Alzheimer's disease:

Alzheimer's disease , which affects an estimated four million Americans, is characterized by memory loss and the eventual inability for self-care. The disease seems to be caused by a loss of cells that secrete acetylcholine in the basal forebrain (region of brain that is the control center for sensory and associative information processing and motor activities). Some medications to alleviate the symptoms have been developed, but presently there is no known treatment for the disease.

Generalized anxiety disorder:

People with generalized anxiety disorder (GAD) experience excessive worry that causes problems at work and in the maintenance of daily responsibilities. Evidence suggests that GAD involves  several neurotransmitter systems in the brain, including norepinephrine and serotonin.

Attention-deficit/hyperactivity disorder:

People affected by attention-deficit/hyperactivity disorder (ADHD) experience difficulties in the areas of attention, overactivity, impulse control, and distractibility. Research shows that dopamine and norepinephrine imbalances are strongly implicated in causing ADHD.

Others

Substantial research evidence also suggests a correlation of neurotransmitter imbalance with disorders such as borderline personality disorders ,schizotypal personality disorder , avoidant personality disorder , social phobia , histrionic personality disorder , and somatization disorder .

Drug addictions:

Cocaine and crack cocaine are psychostimulants that affect neurons containing dopamine in the areas of the brain known as the limbic and frontal cortex. When cocaine is used, it generates a feeling of confidence and power. However, when large amounts are taken, people "crash" and suffer from physical and emotional exhaustion as well as depression.

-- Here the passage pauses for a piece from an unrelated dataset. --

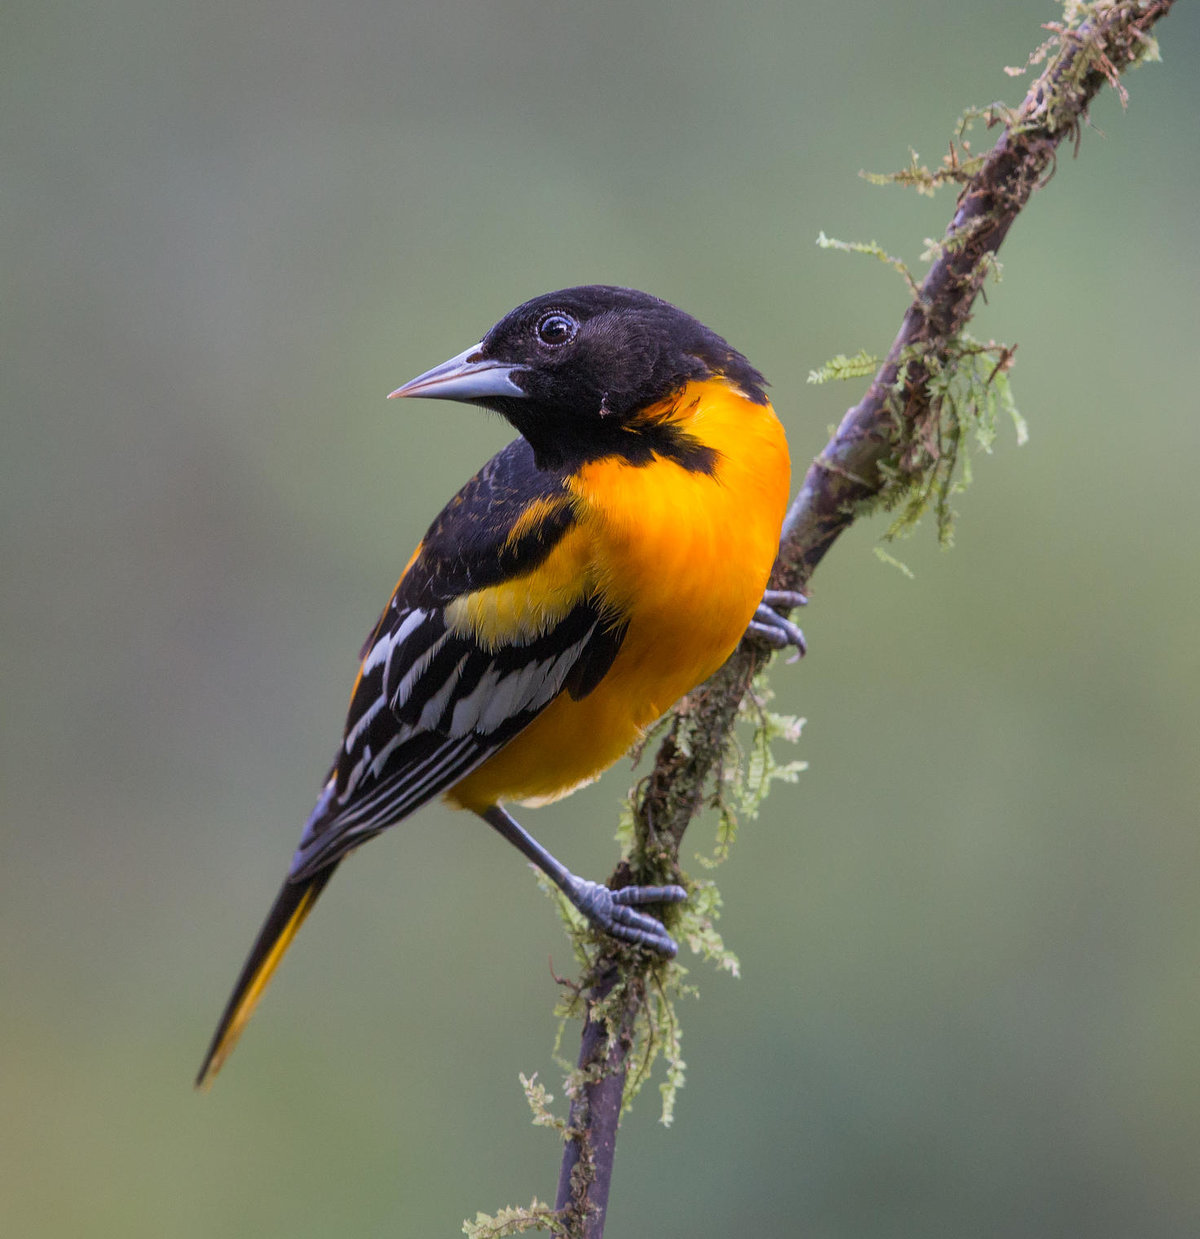 Картинки с птицей иволга

Opiates, such as heroin and morphine, appear to mimic naturally occurring peptide substances in the brain that act as neurotransmitters with opiate activity called endorphins. Natural endorphins of the brain act to kill pain, cause sensations of pleasure, and cause sleepiness. Endorphins released with extensive aerobic exercise, for example, are responsible for the "rush" that long-distance runners experience. It is believed that morphine and heroin combine with the endorphin receptors in the brain, resulting in reduced natural endorphin production. As a result, the drugs are needed to replace the naturally produced endorphins and addiction occurs. Attempts to counteract the effects of the drugs involve using medications that mimic them, such as nalorphine, naloxone, and naltrexone .

Alcohol is one of the depressant drugs in widest use, and is believed to cause its effects by interacting with the GABA receptor. Initially anxiety is controlled, but greater amounts reduce muscle control and delay reaction time due to impaired thinking.